Scottish Longitudinal Study
Development & Support Unit
Estimating the value of Precision Medicine Technologies: Developing a Scottish Toolkit
Dr Claudia Geue (University of Glasgow)
Dr Jim Lewsey (University of Glasgow)
The potential that personalised and precision medicine (PPM) can have for improving health outcomes depends on being able to correctly estimate disease burden. The objective of our proposed study is to develop a toolkit to support the estimation of the potential value of precision medicine technologies and better targeting of research efforts. The toolkit will comprise the following research aims: 1. An estimation of the economic and health impact of a range of diseases within Scotland 2. A mapping of the viability and potential value of range of precision medicine technologies 3. A review of the Scottish precision medicine evidence ecosystem.

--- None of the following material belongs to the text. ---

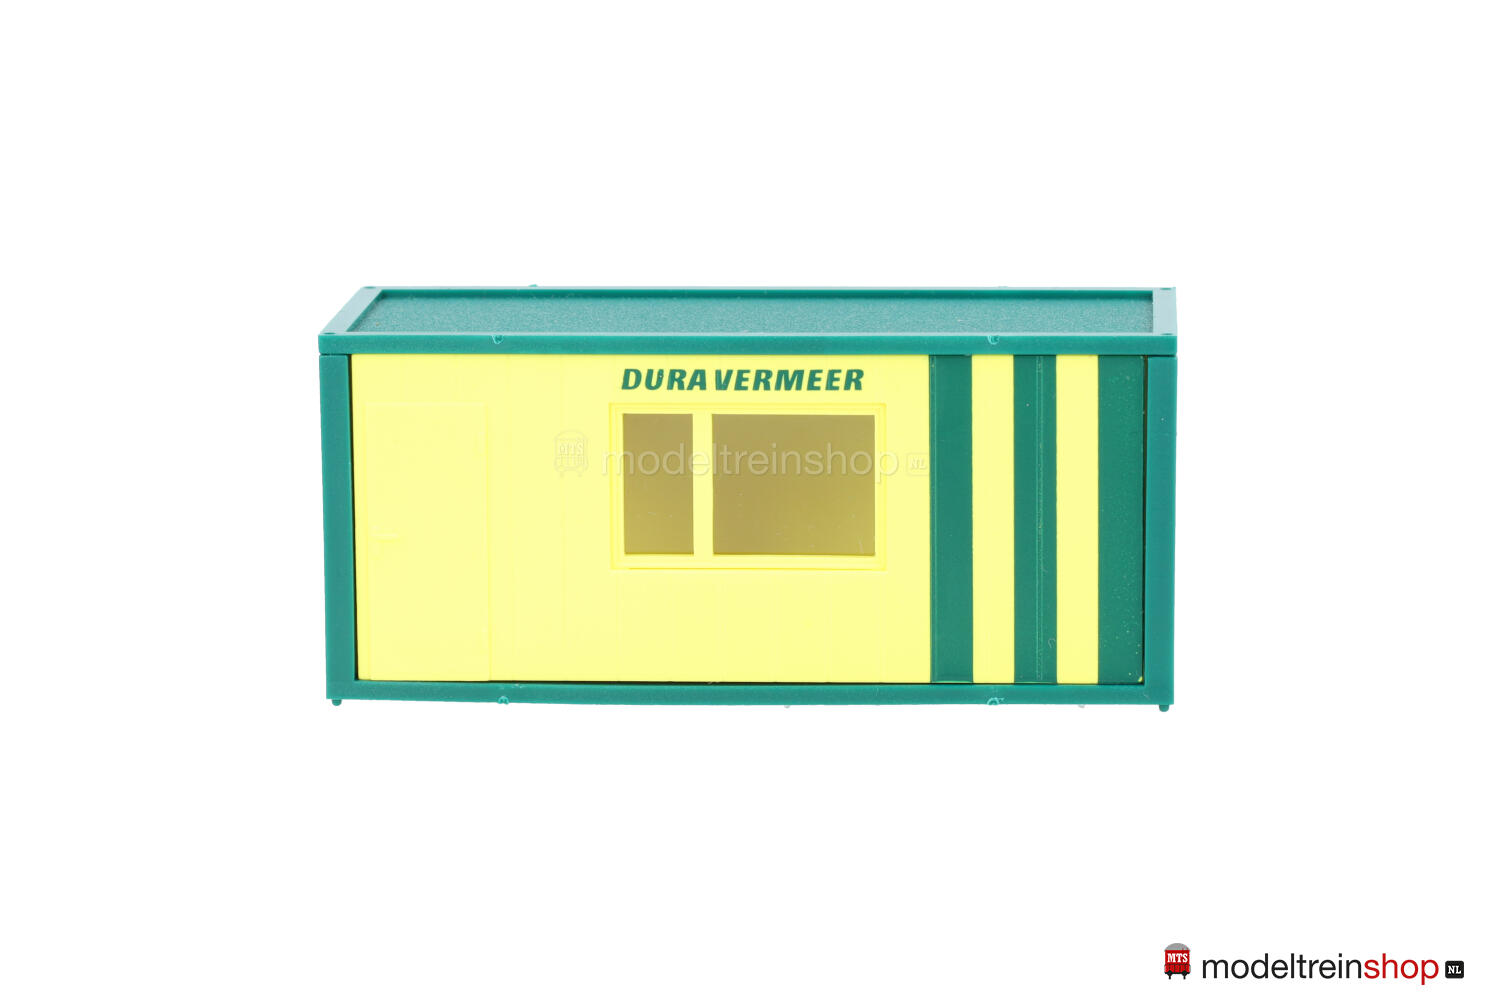 Busch H0 1029-01 Dura Vermeer Container - Modeltreinshop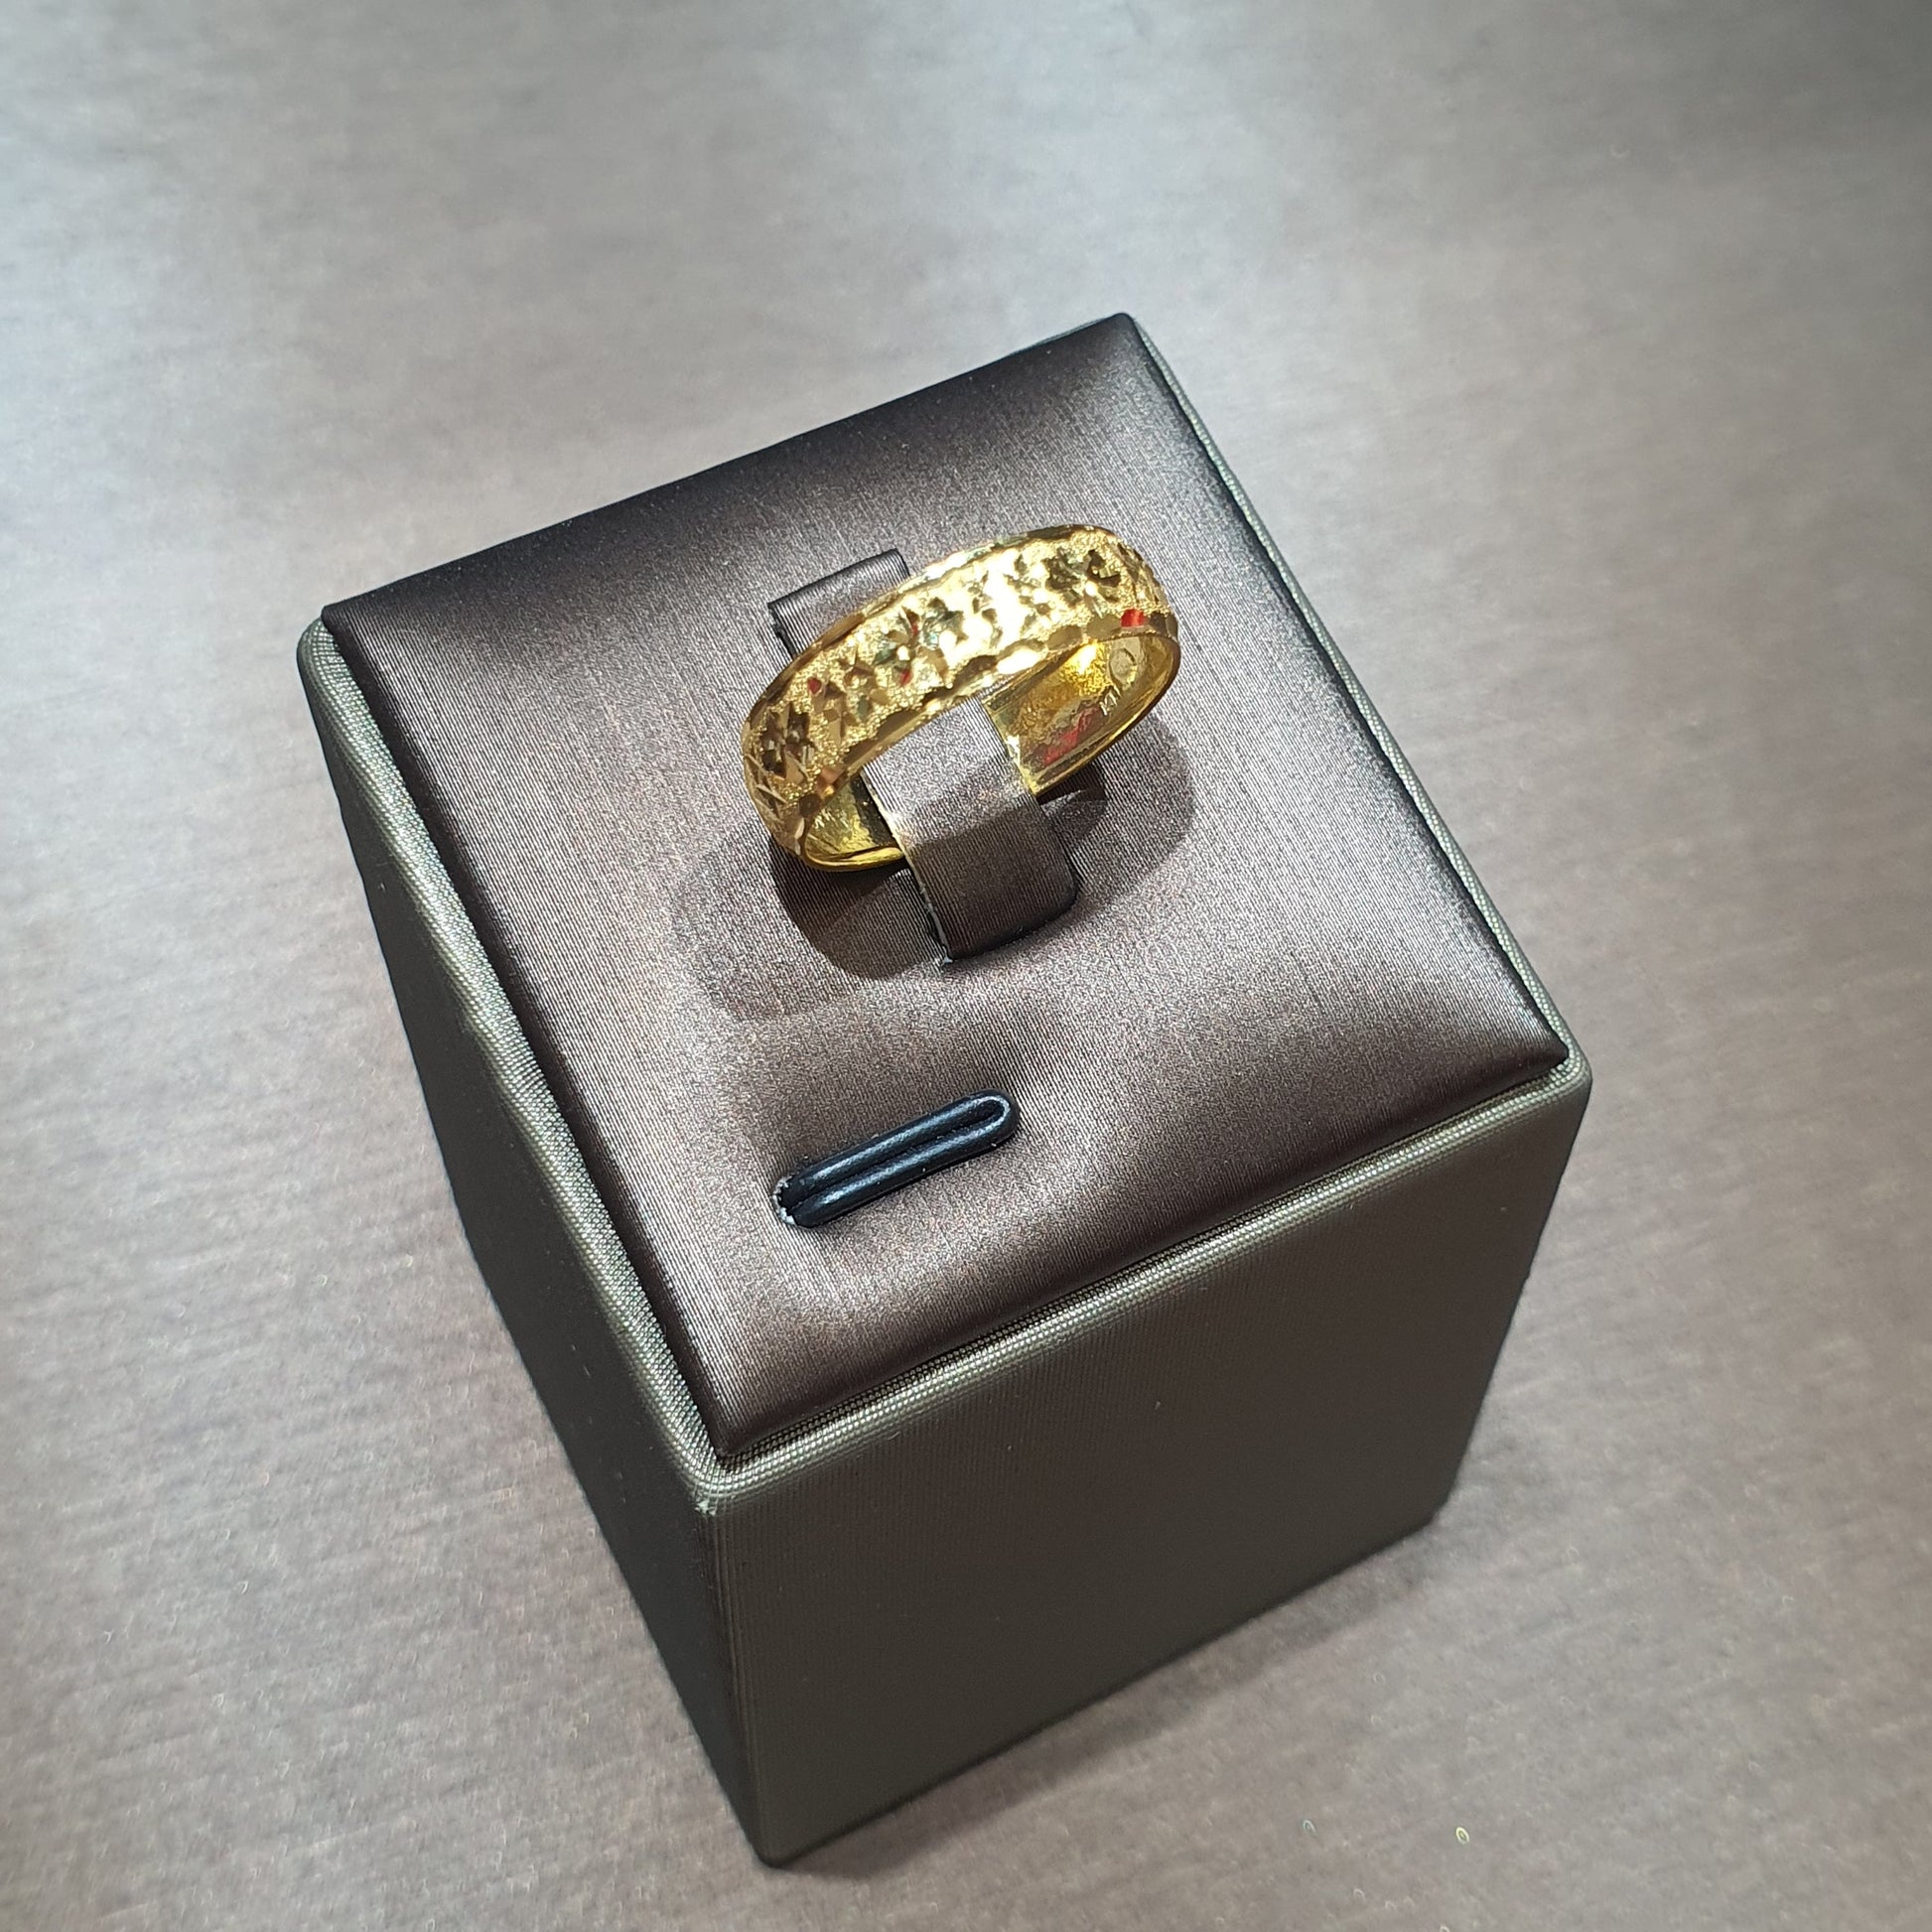 22k / 916 Gold Hollow Ring V7-Rings-Best Gold Shop

Dzau and colleagues  highlighted the potential that personalised and precision medicine (PPM) had for improving health outcomes through prevention but that incentives were not always aligned to translate this into practice. Doble et al  argued in reply that it was unrealistic to aim for 10-50% reduction in incidence of major complex diseases given that a Cochrane review  had shown no evidence of behavioural change after provision of genetic information. Doble et al called for genomic testing to be prioritised to identify individuals at ‘high risk of imminent, serious, preventable, penetrant disorders that have large health care costs’ as these gains would be immediate . However, these claims and the potential that PPM can offer rely on the ability to correctly estimate disease burden. In 2015, Public Health Information for Scotland (ScotPHO) estimated the burden of 132 diseases, however their use of disability adjusted life years (DALYs) to measure disease burden is methodologically controversial . We therefore suggest to estimate the burden of major disease categories in Scotland including: i) the financial cost to the health and social care system, and ii) the health burden in terms of quality adjusted life years (QALYs) lost. These estimates can be used to add value to estimating the potential of PPM interventions at a population level. Our approach will offer a more accurate estimation of disease burden, showing the potential for its application to PPM interventions.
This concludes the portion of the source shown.